#### Source material

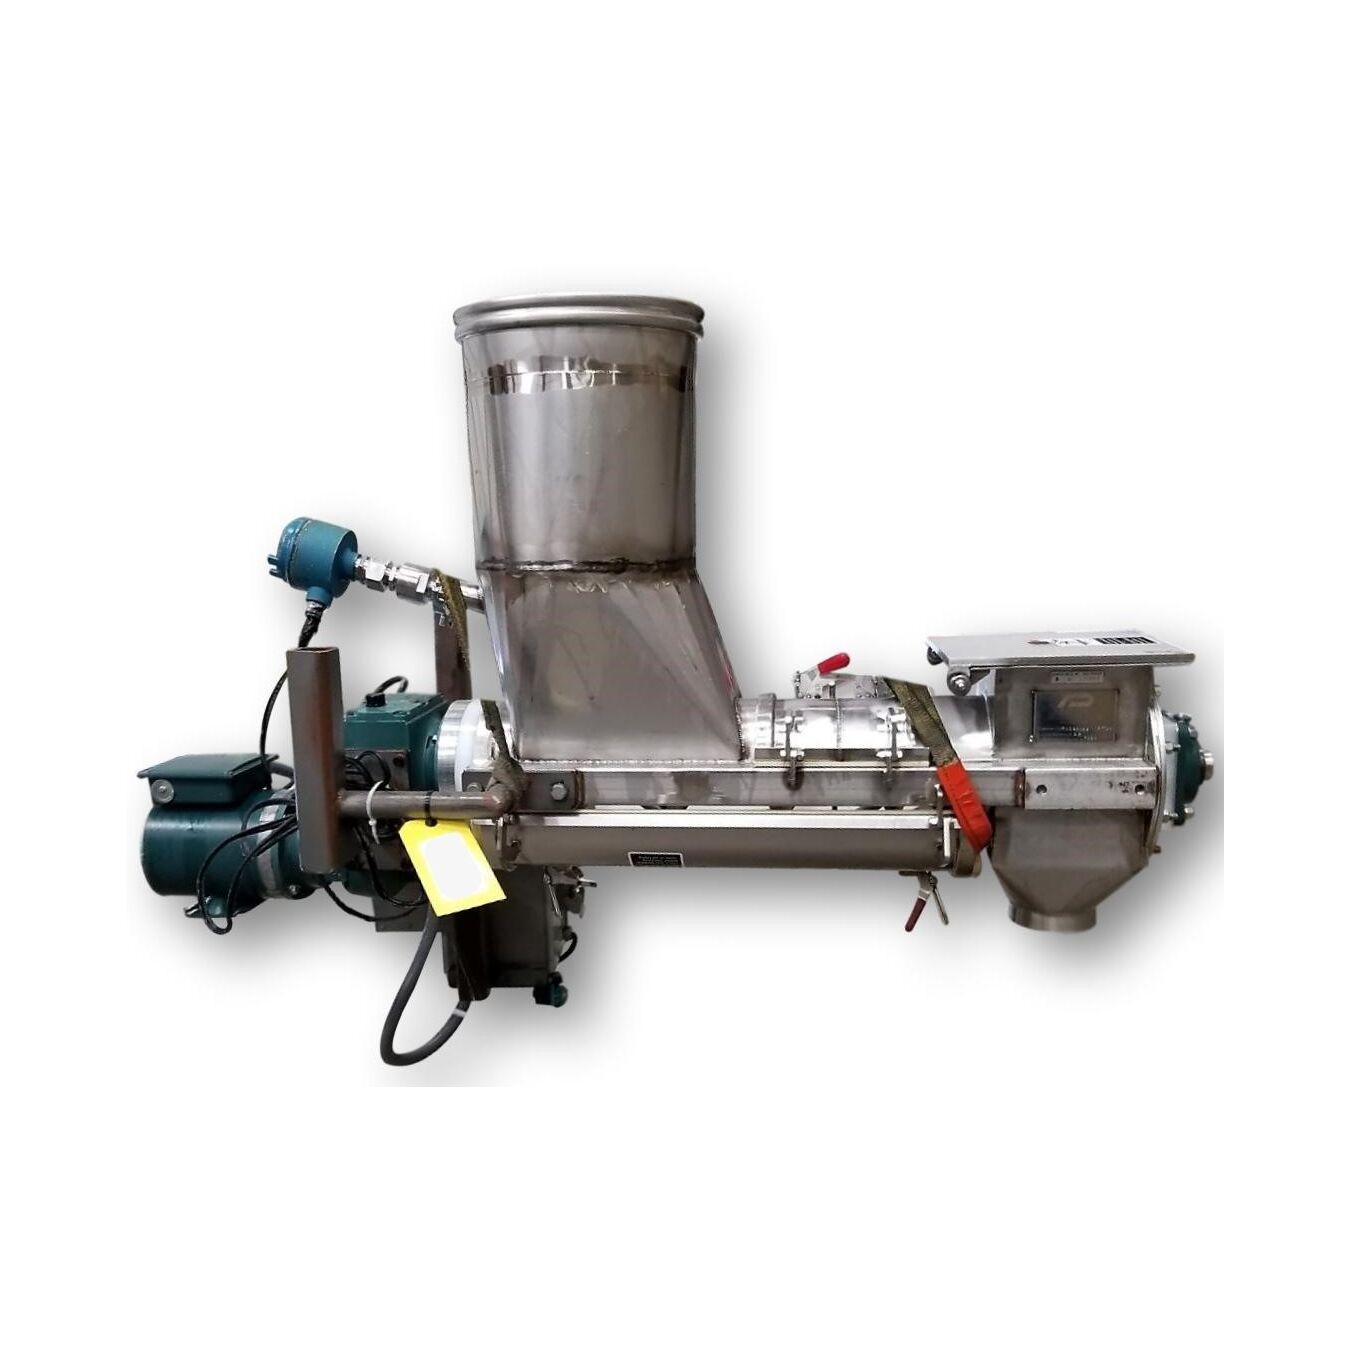 com aliba on att of auger charming screw photo x buy product feeder alibaba conveyor
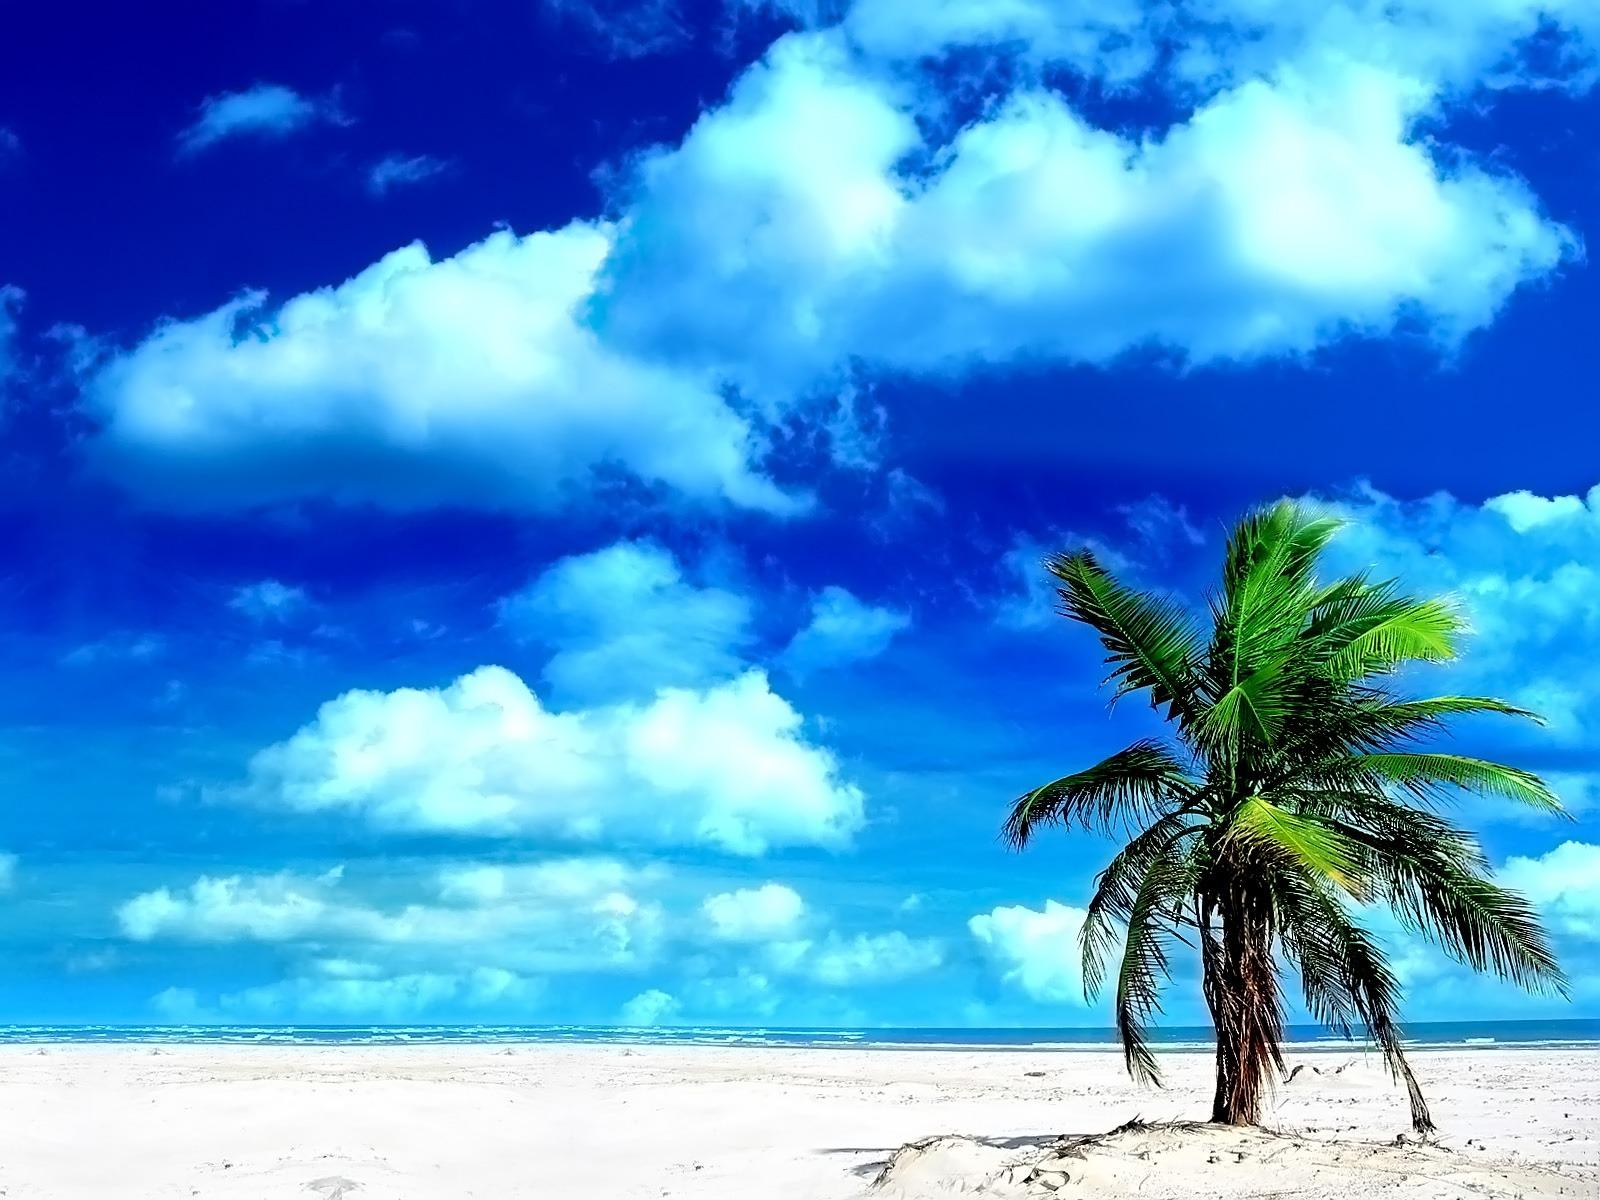 Fond d'ecran Palmier plage ensoleillée - Wallpaper
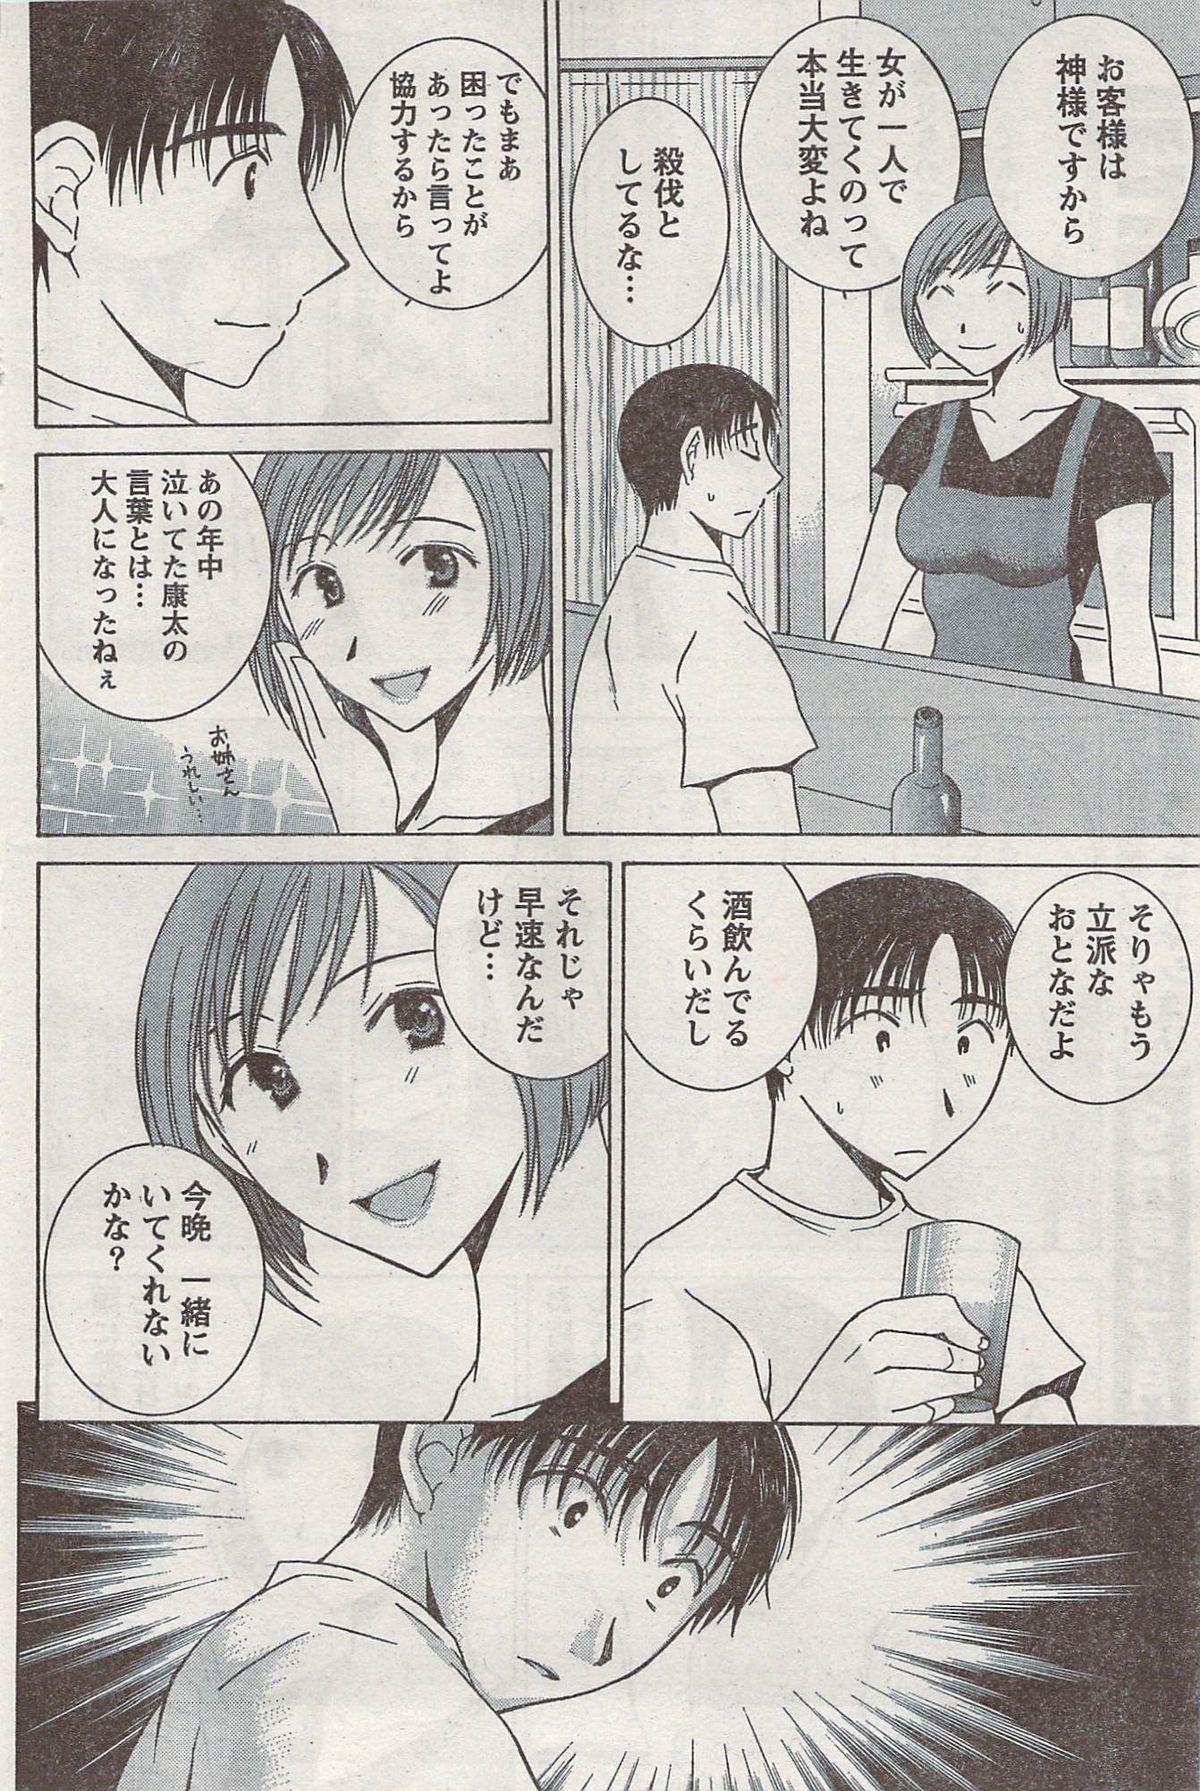 Monthly Vitaman 2007-08 99

########

▶ [Assignment] The answer must be the full listing retyped exactly, with no pictures in it.

▶ [Worked solution]
 com aliba on att of auger charming screw photo x buy product feeder alibaba conveyor
 Fond d'ecran Palmier plage ensoleillée - Wallpaper
 Monthly Vitaman 2007-08 99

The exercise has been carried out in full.